Action item
The listing below holds pictures; exclude them. Return exactly the lines from the one with "Кухонный нож Burlax" through the one with "Shamaeel Ansari Luxury".

Raw data
━━━━━━━━━━━━━━━━━━━━━━━━━━━━━━

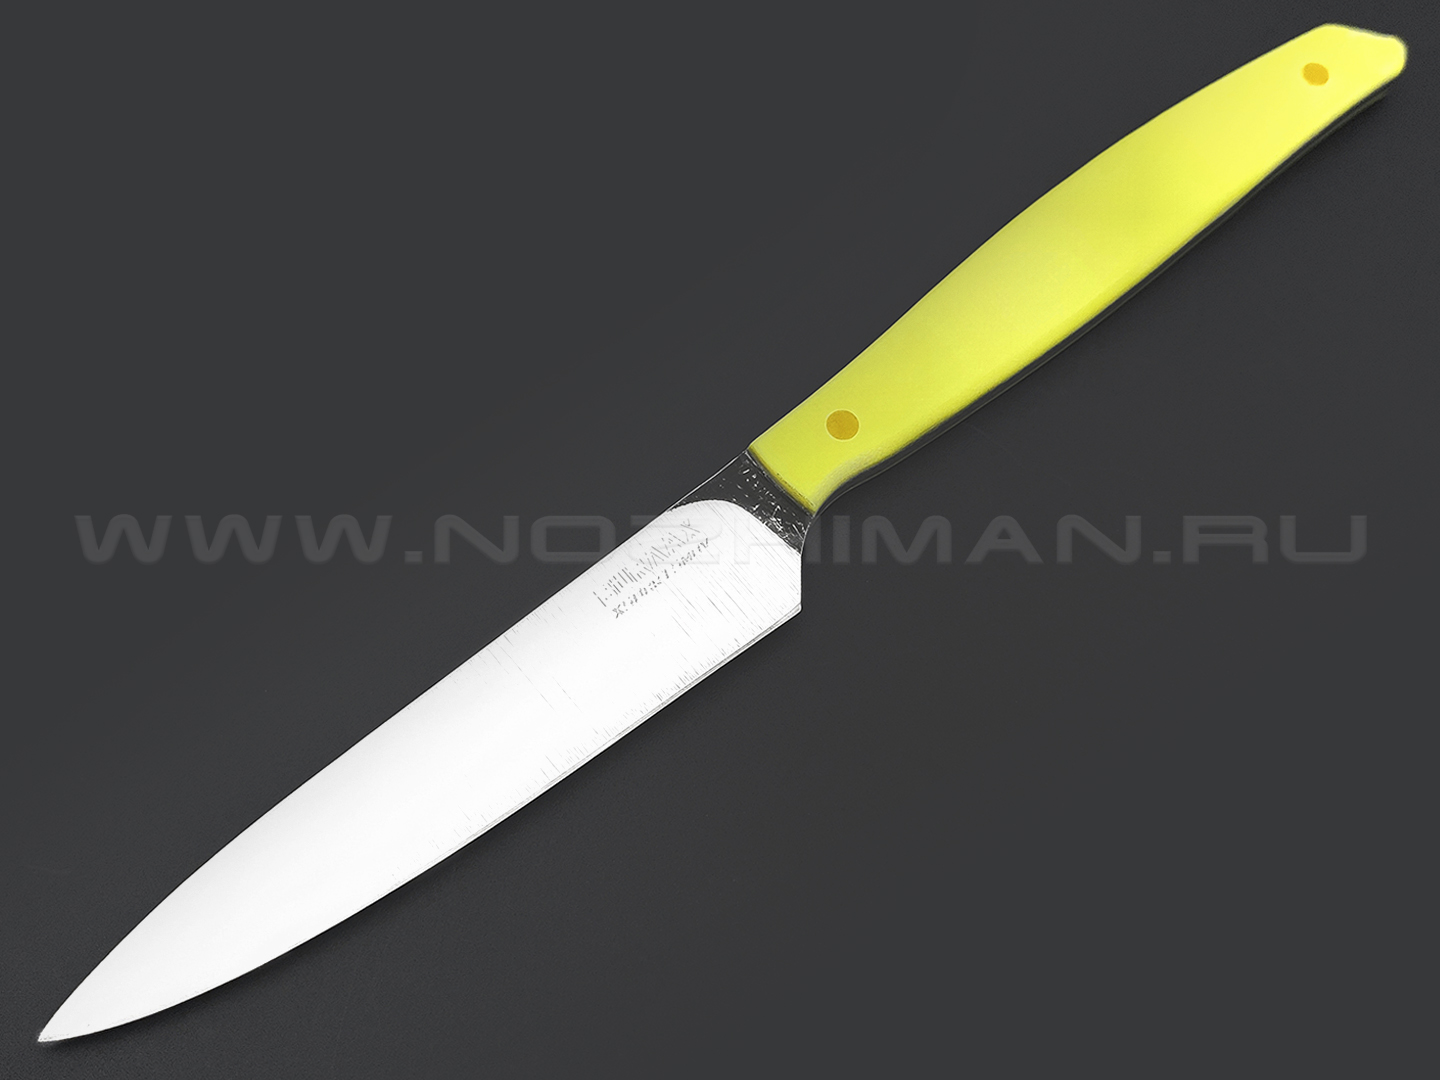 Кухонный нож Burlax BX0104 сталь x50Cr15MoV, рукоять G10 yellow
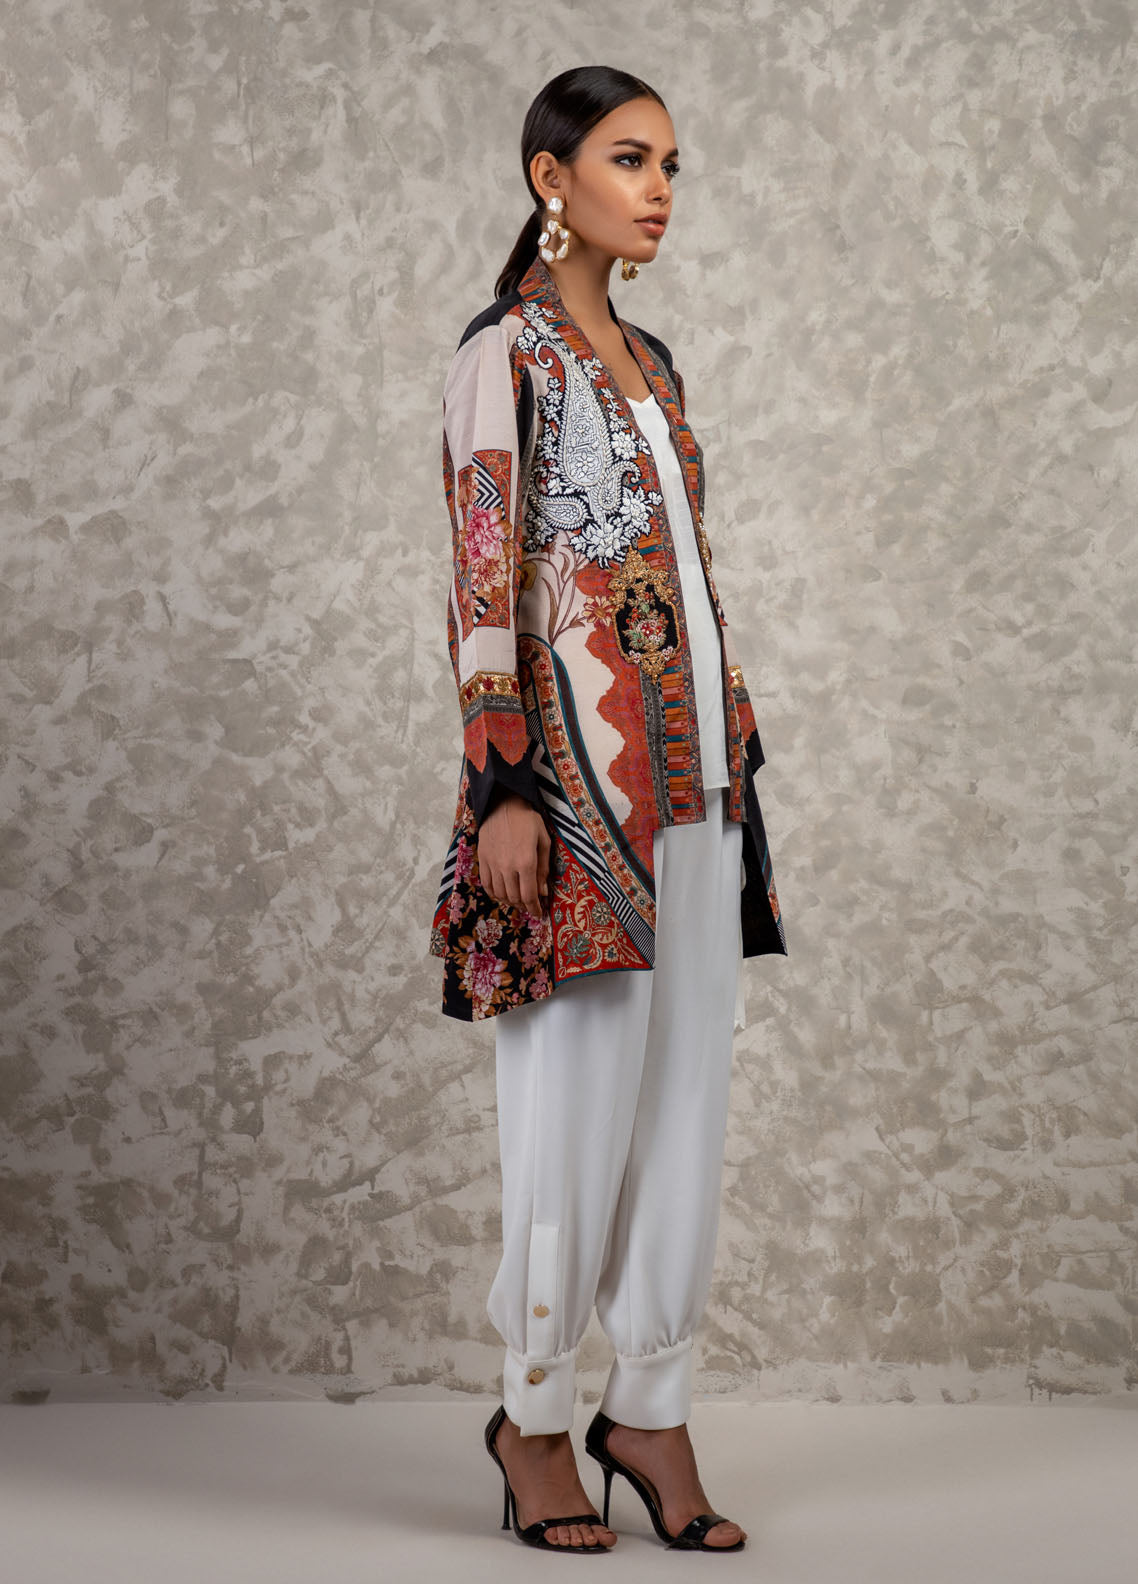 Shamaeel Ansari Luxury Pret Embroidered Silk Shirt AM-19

━━━━━━━━━━━━━━━━━━━━━━━━━━━━━━

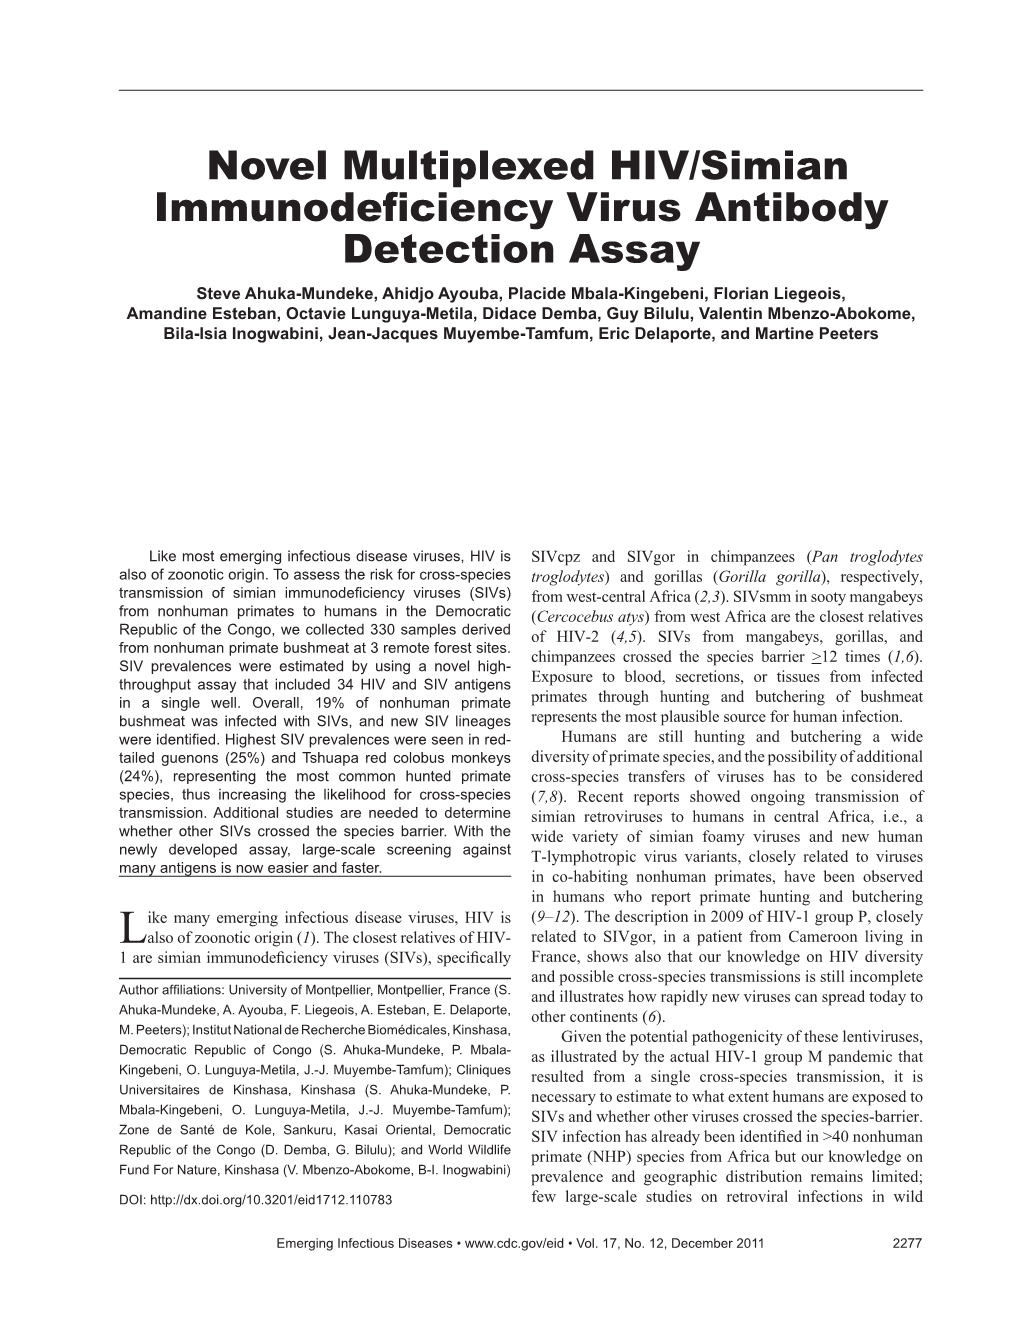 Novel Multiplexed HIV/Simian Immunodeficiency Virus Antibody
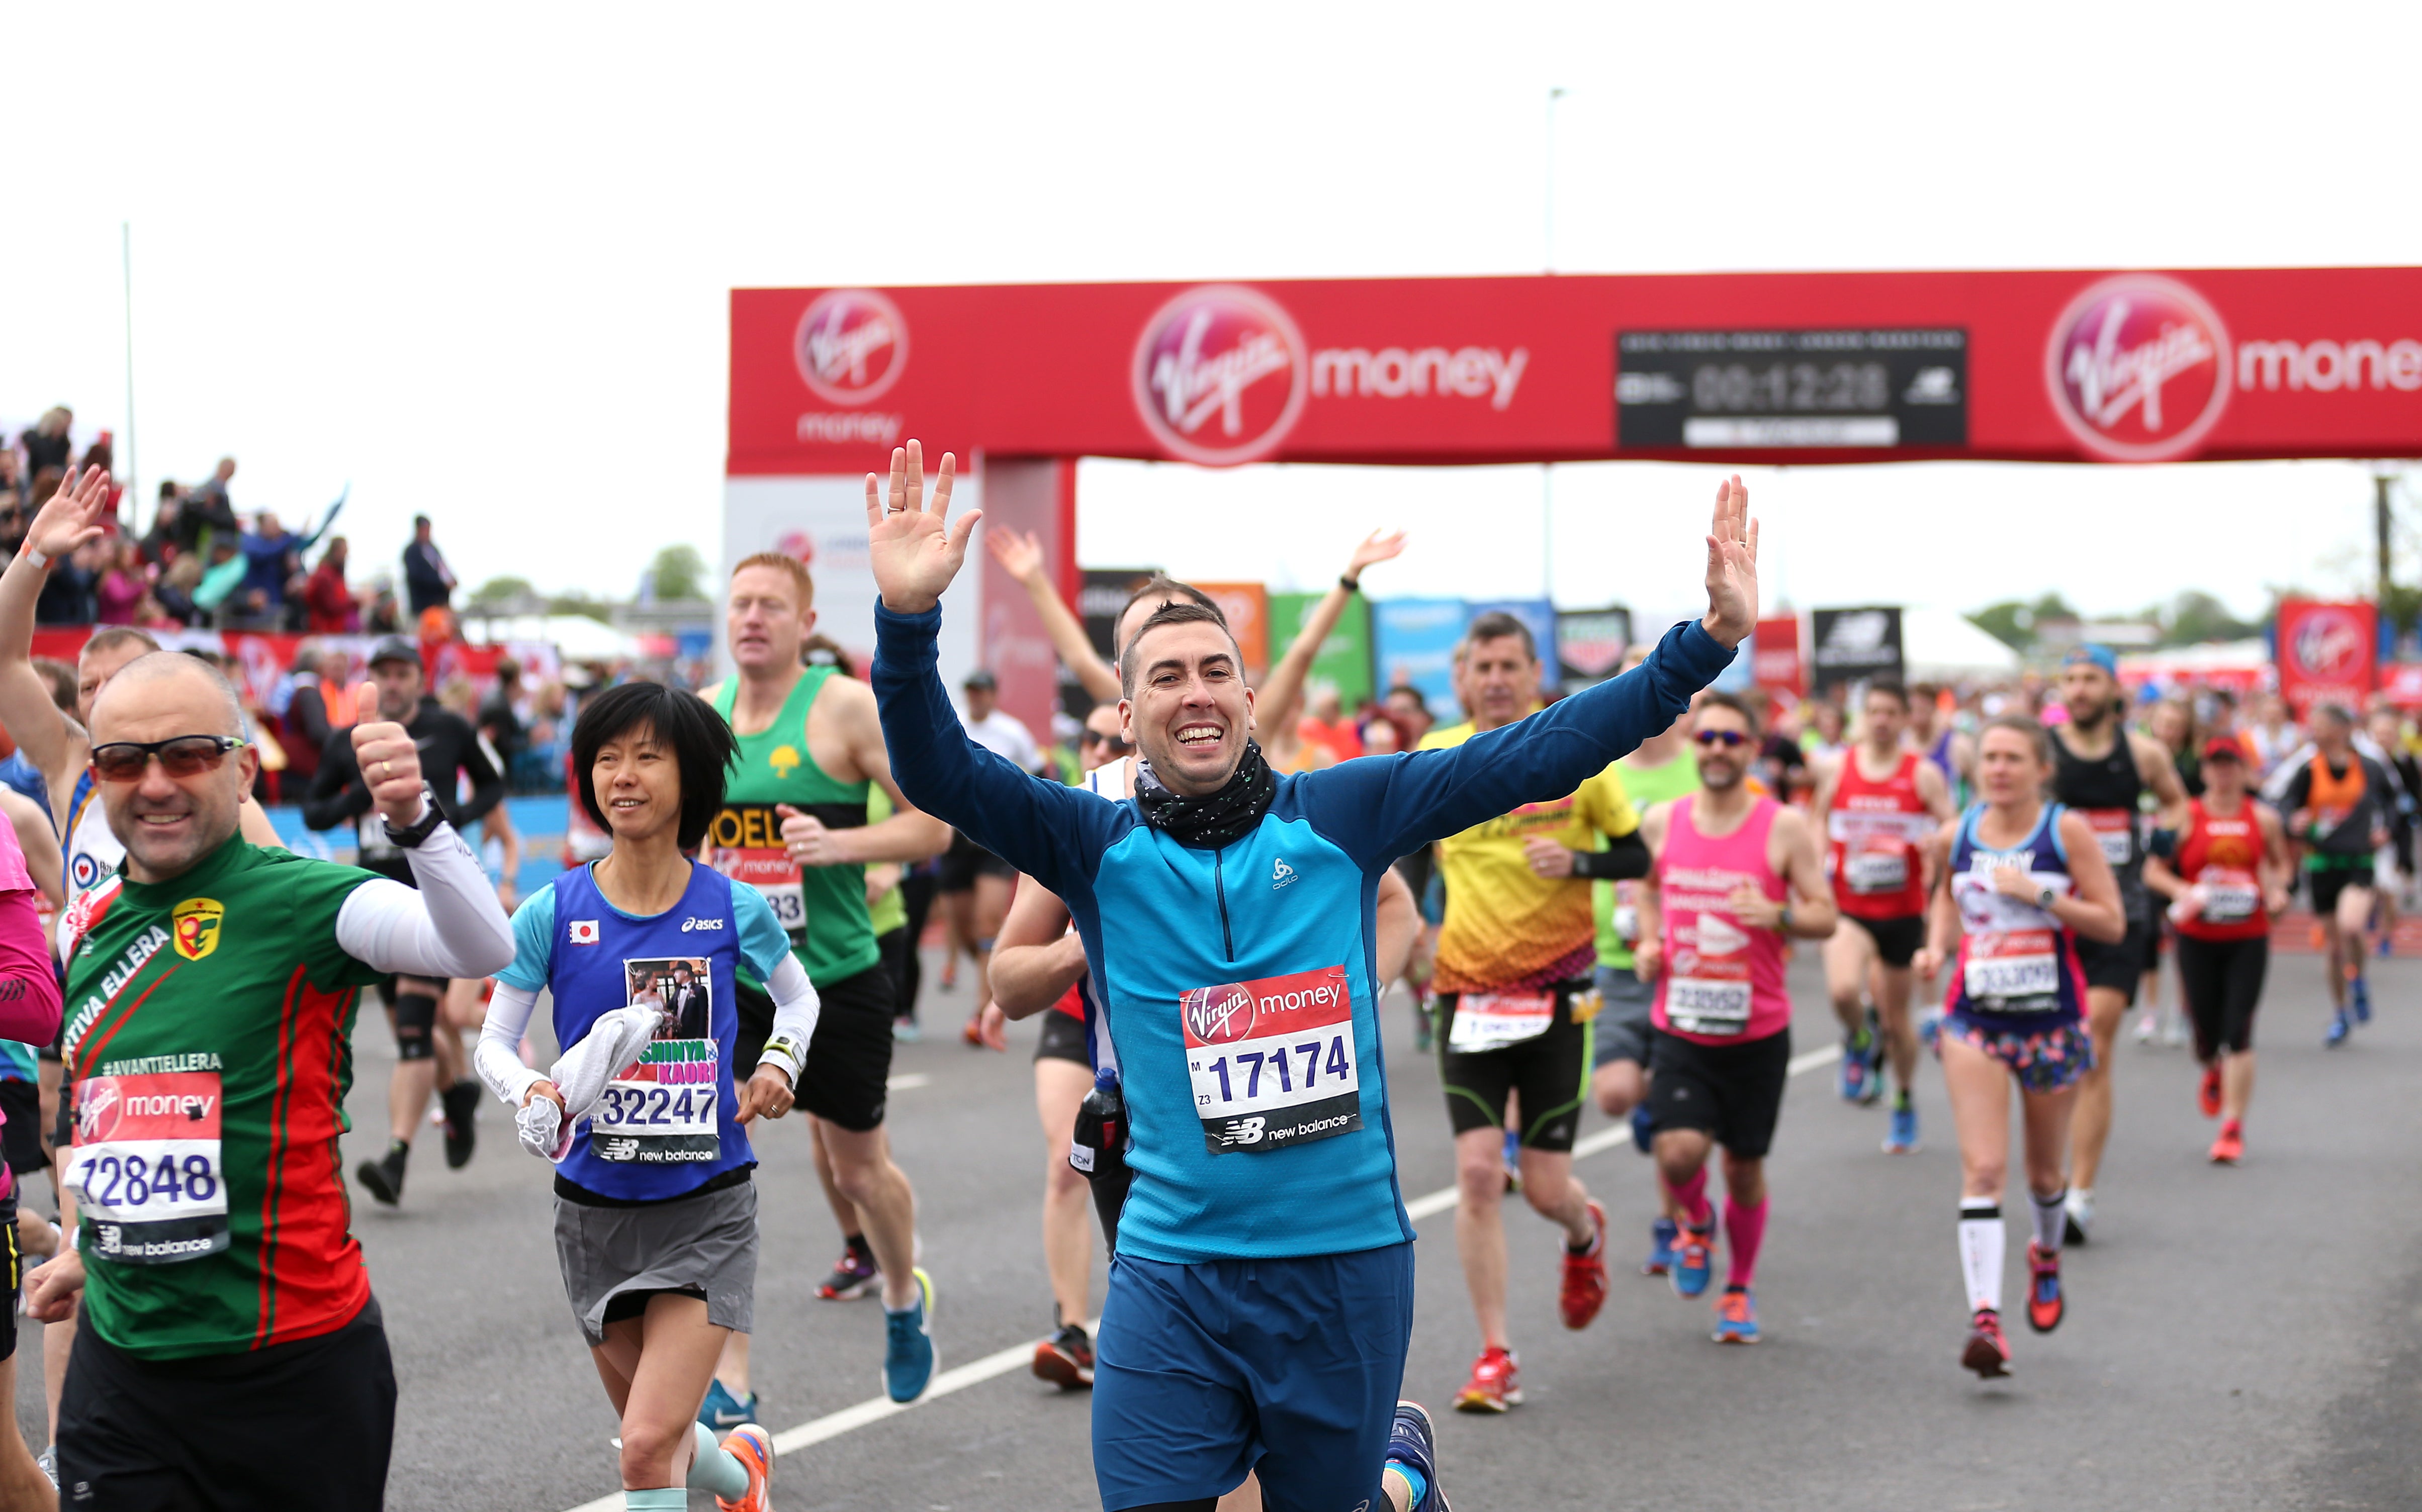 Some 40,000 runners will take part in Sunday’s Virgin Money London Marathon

━━━━━━━━━━━━━━━━━━━━━━━━━━━━━━

Answer
 Кухонный нож Burlax BX0104 сталь x50Cr15MoV, рукоять G10 yellow
 Shamaeel Ansari Luxury Pret Embroidered Silk Shirt AM-19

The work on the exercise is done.